#### [DATA BLOCK]

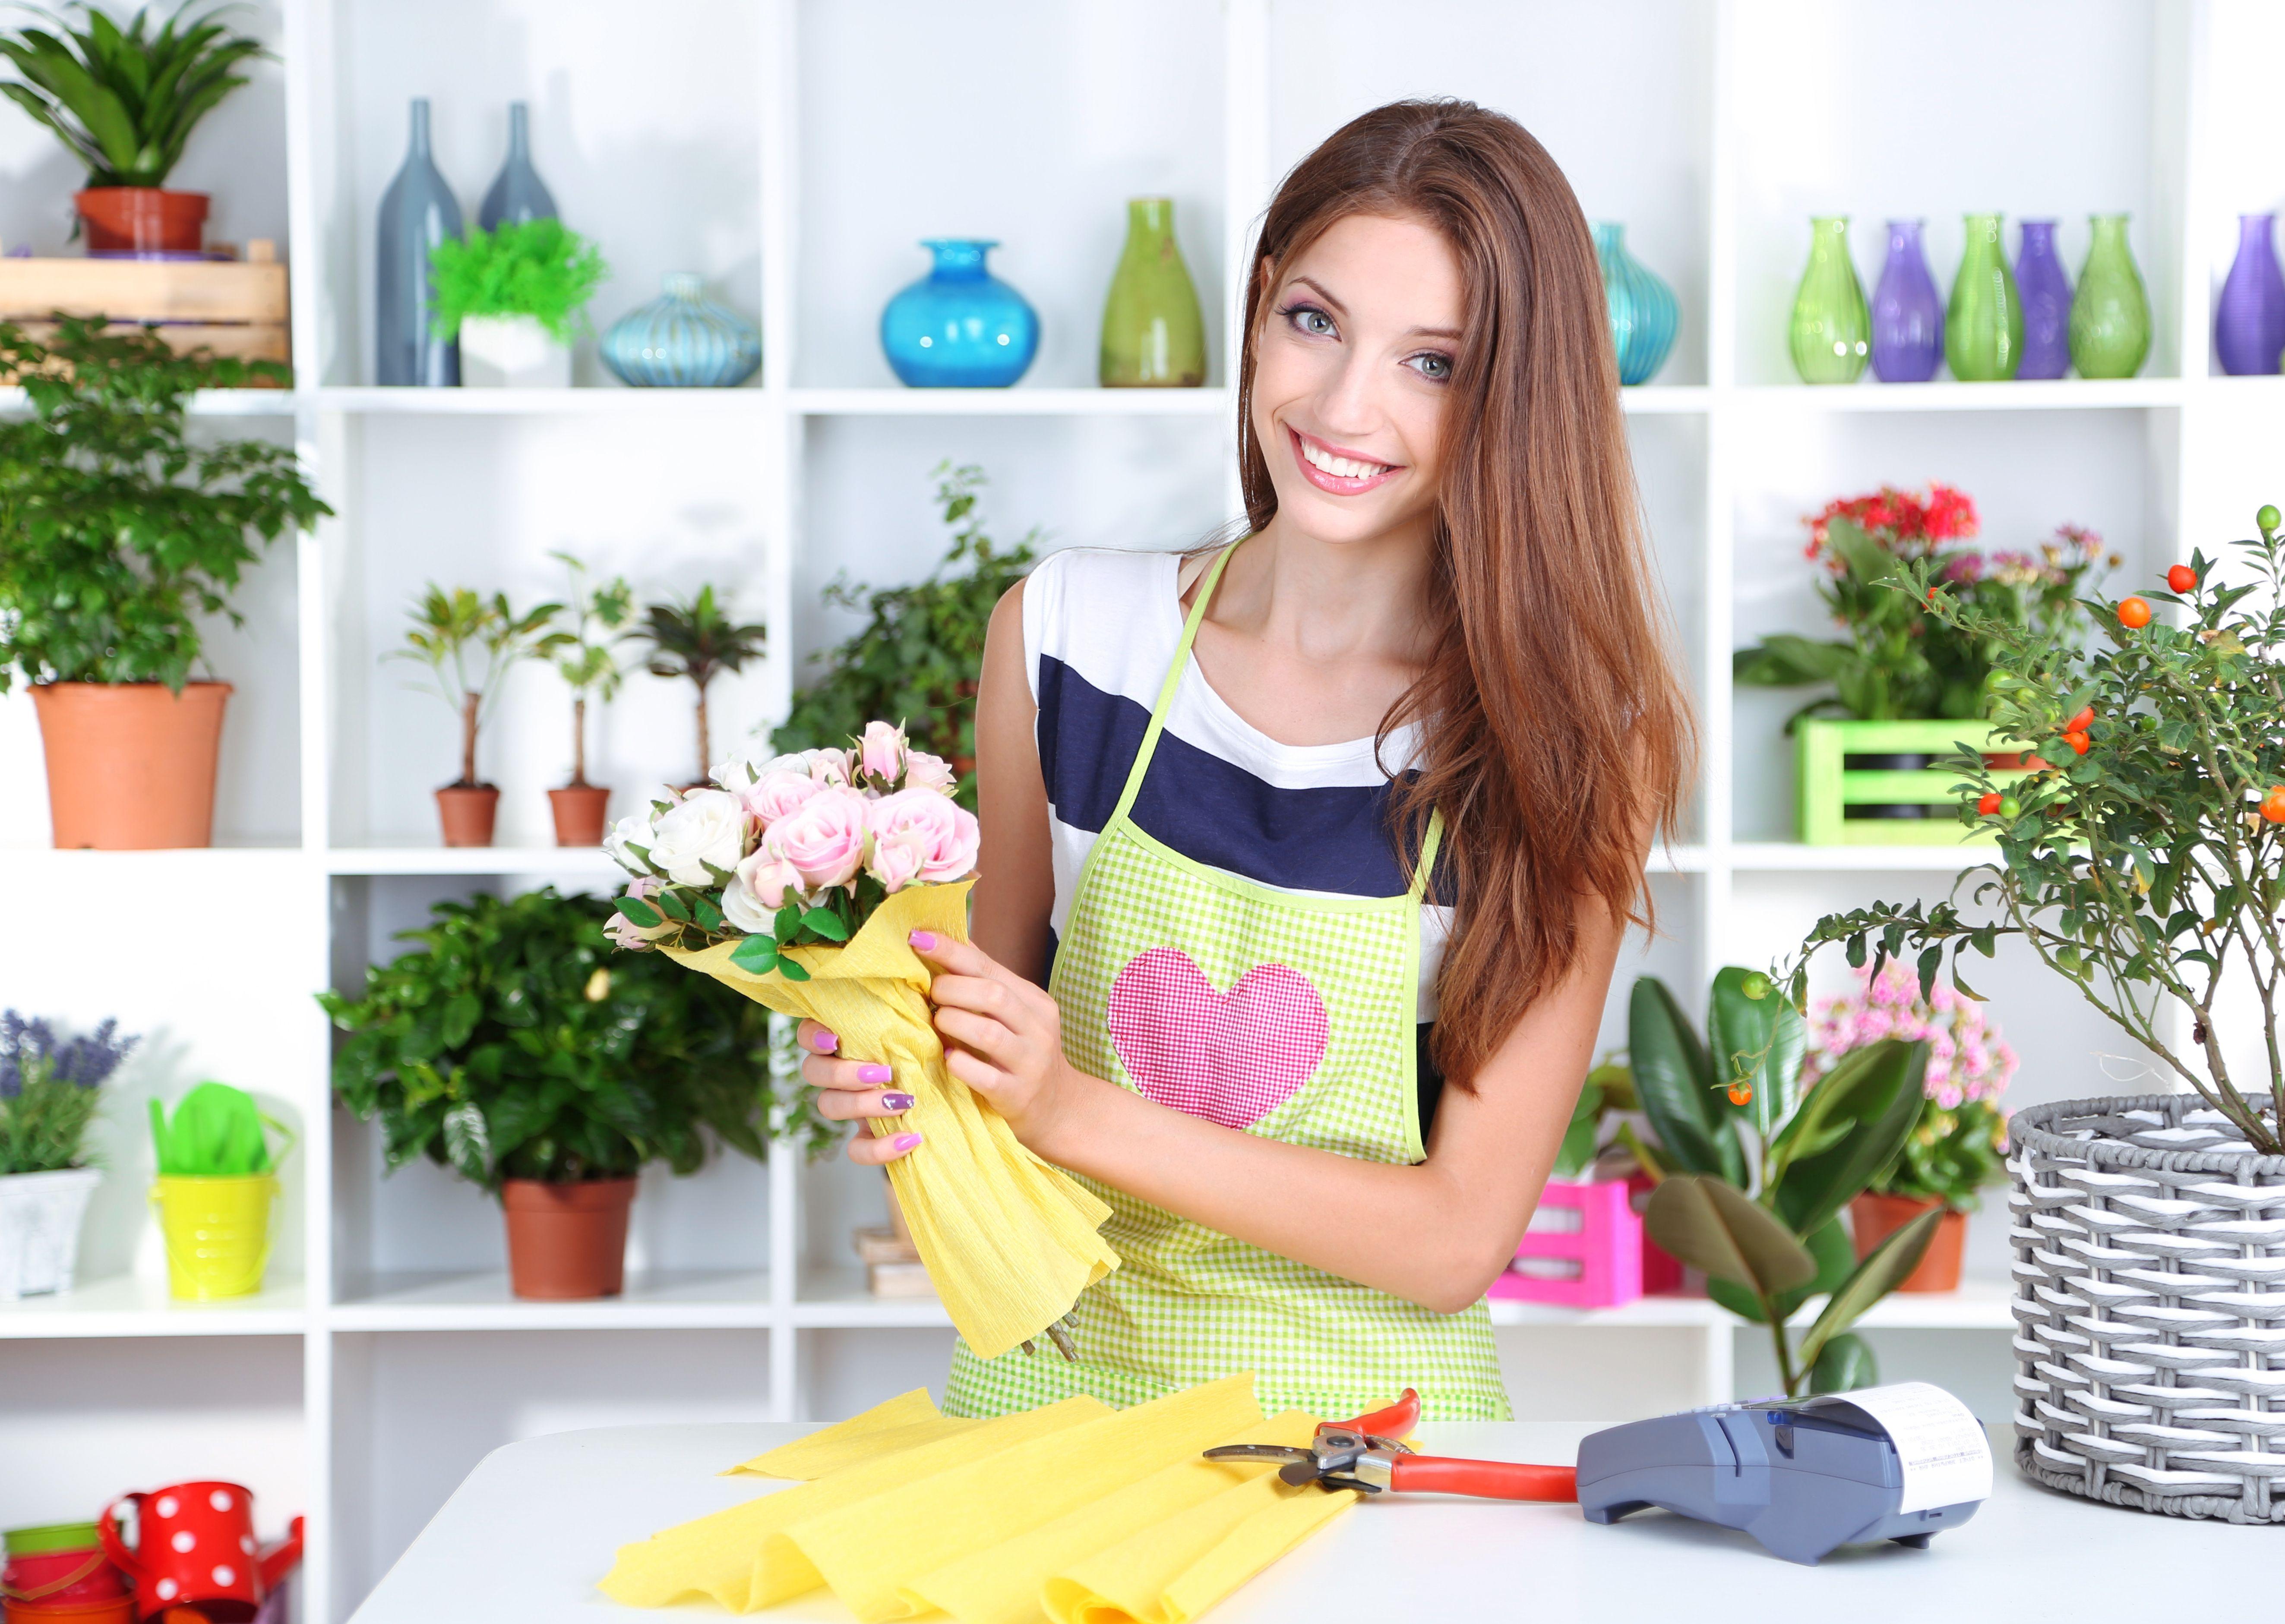 50 Creative Florist And Flower Shop Names Flower Shop Names Flower Shop Flower Business
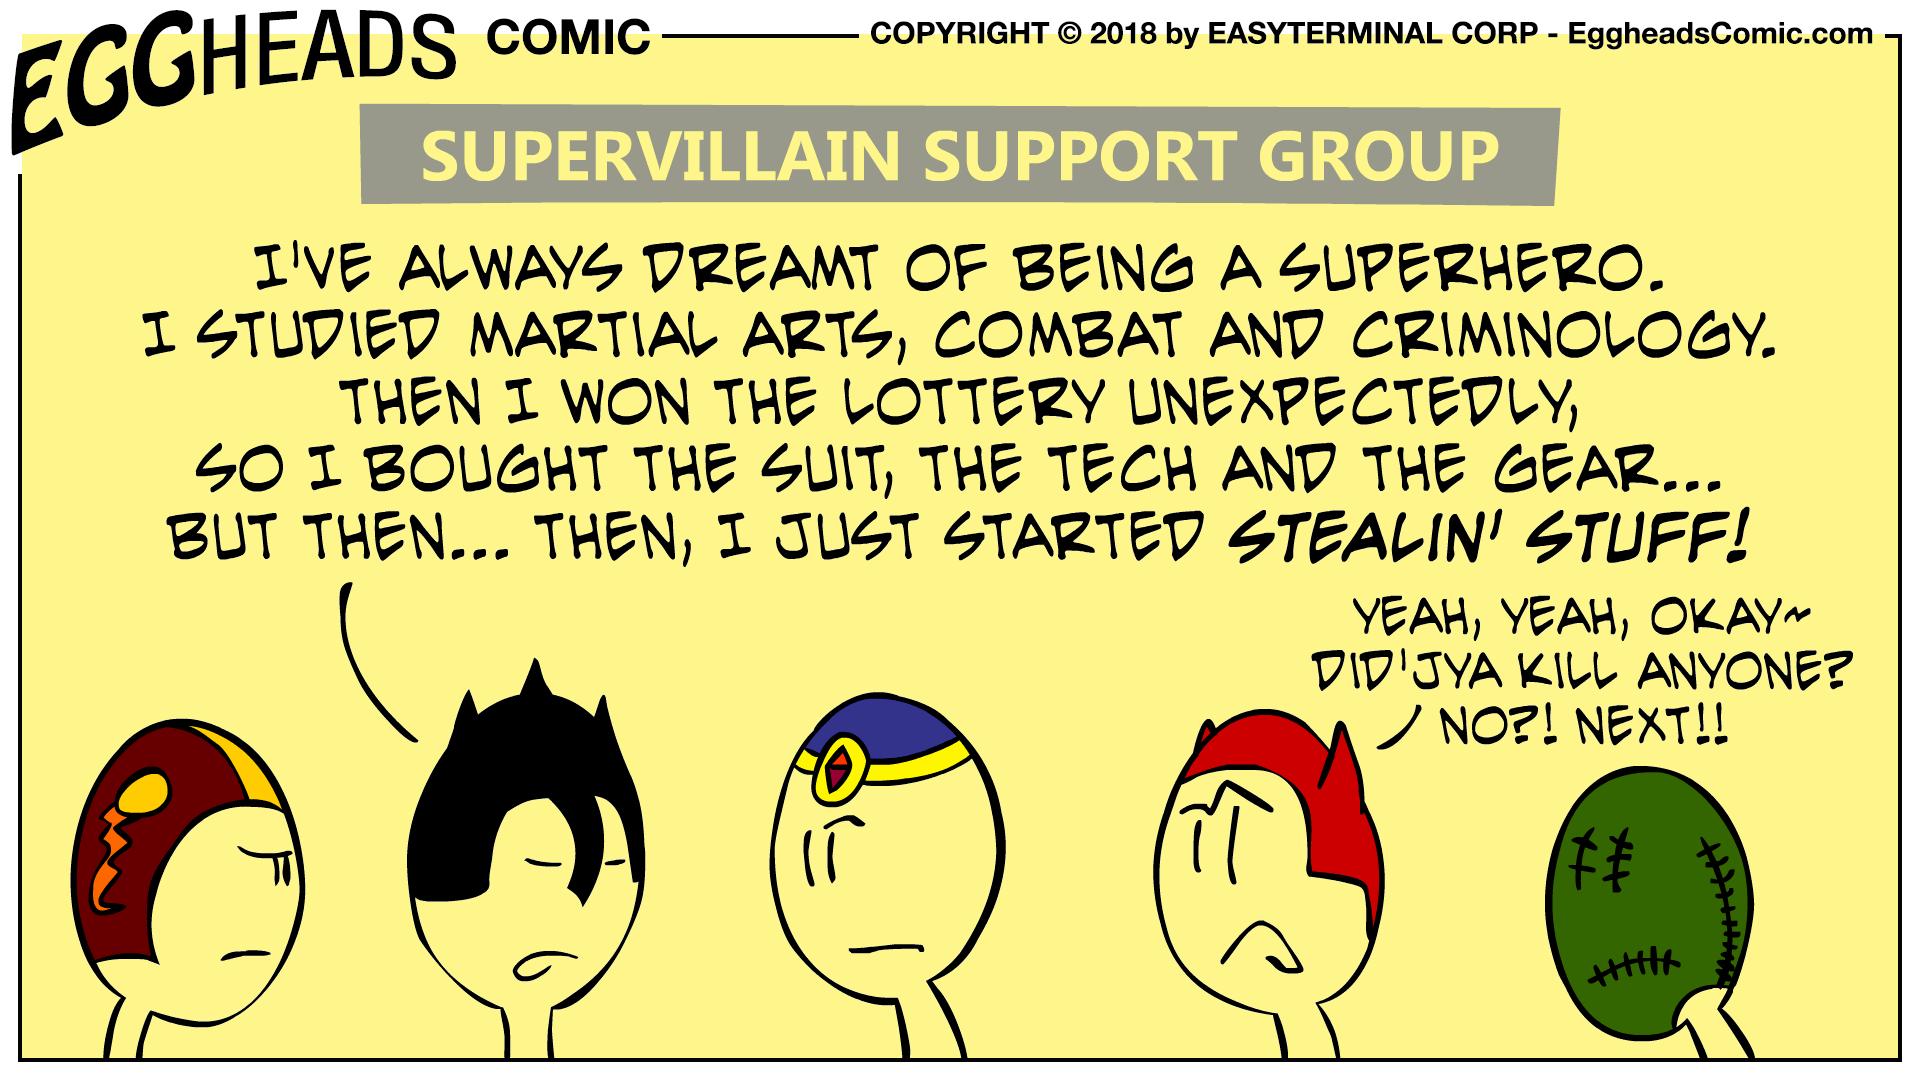 Webcomic Eggheads Comic Strip 068 Supervillain
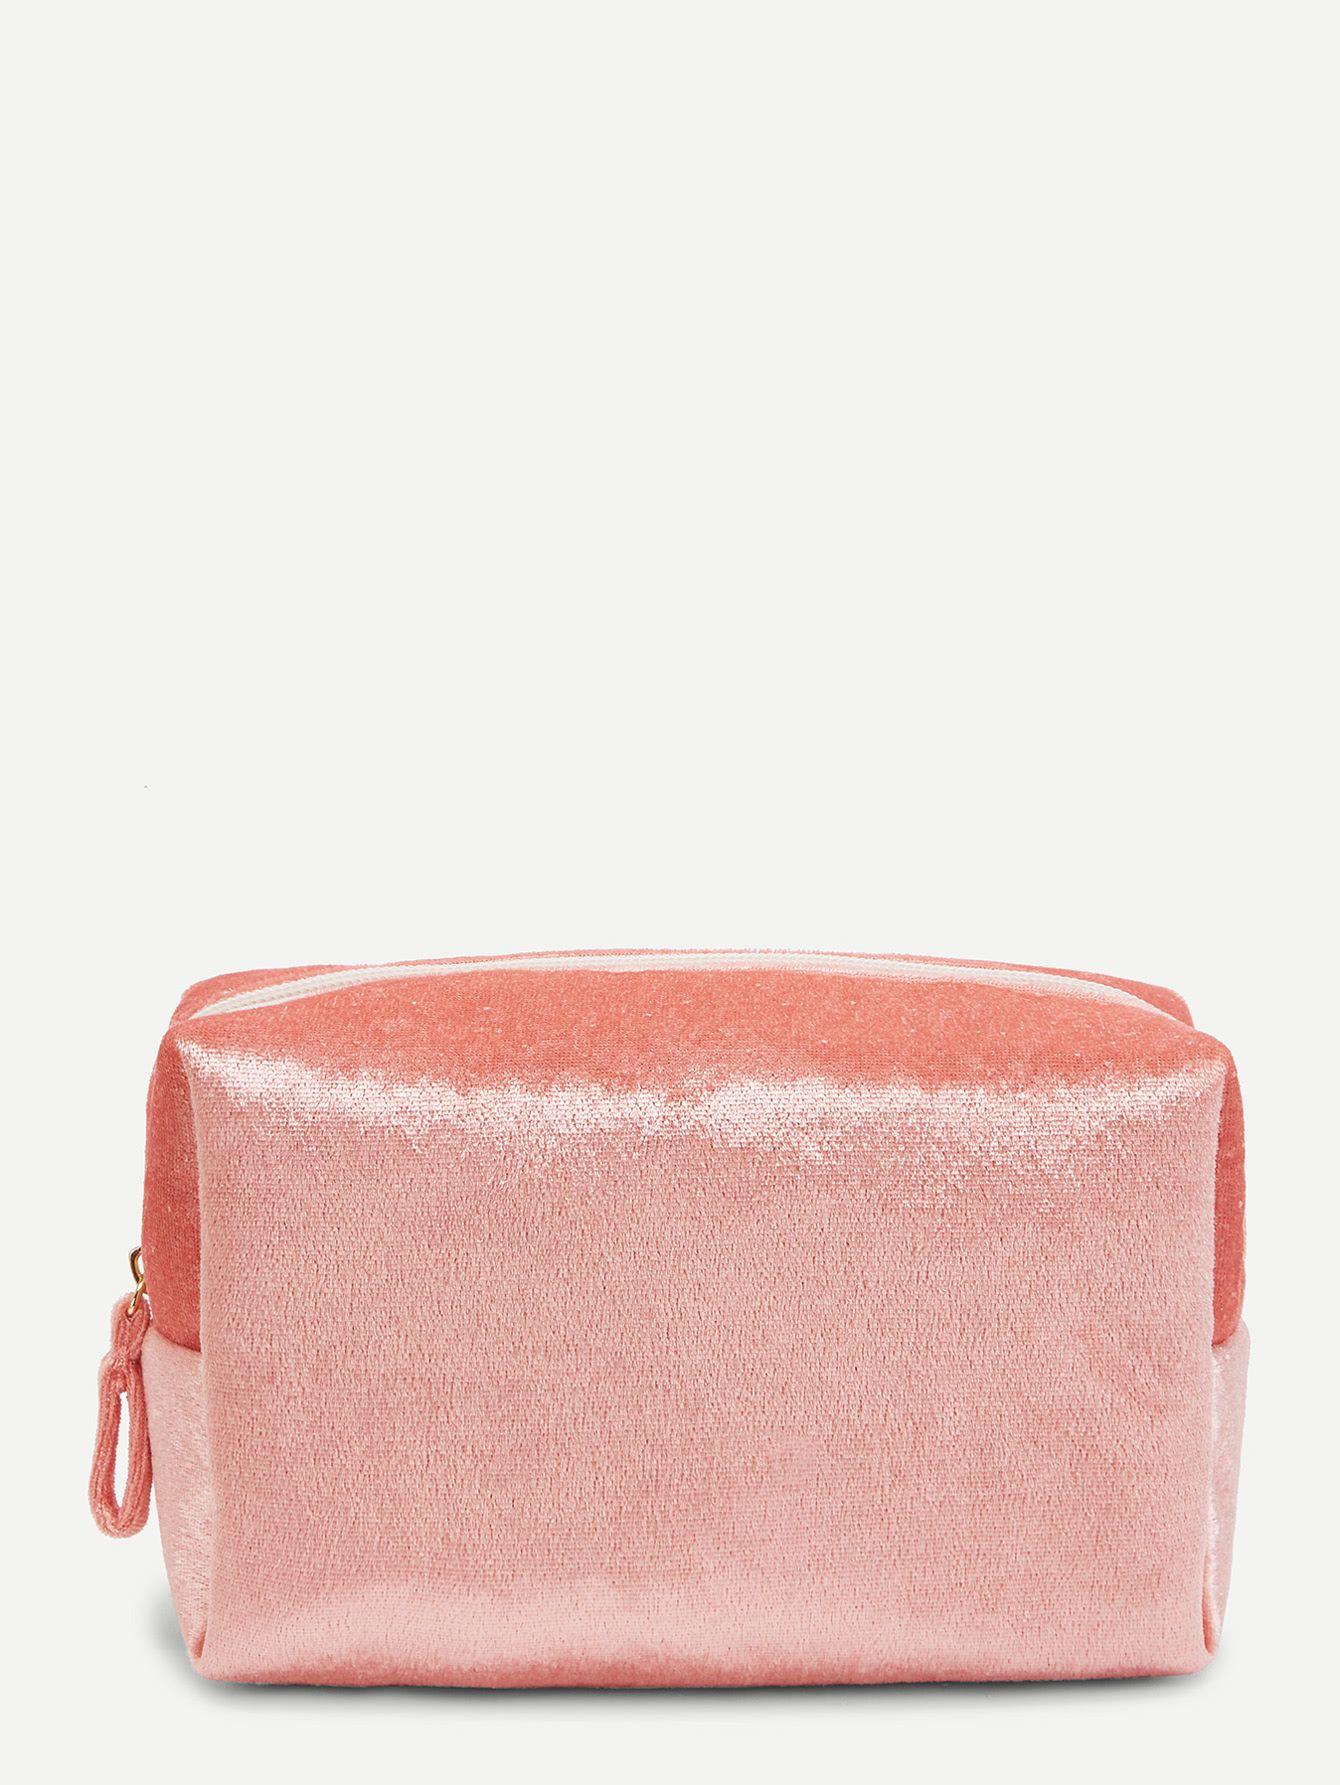 793f23a1a9b6 Velvet Zipper Makeup Bag -SheIn(Sheinside) | Stuff to buy I want ...

#### [TASK REQUIREMENTS]
Write out the data exactly, but not its pictures.

#### [COMPLETED TASK]
 50 Creative Florist And Flower Shop Names Flower Shop Names Flower Shop Flower Business
 Webcomic Eggheads Comic Strip 068 Supervillain
 793f23a1a9b6 Velvet Zipper Makeup Bag -SheIn(Sheinside) | Stuff to buy I want ...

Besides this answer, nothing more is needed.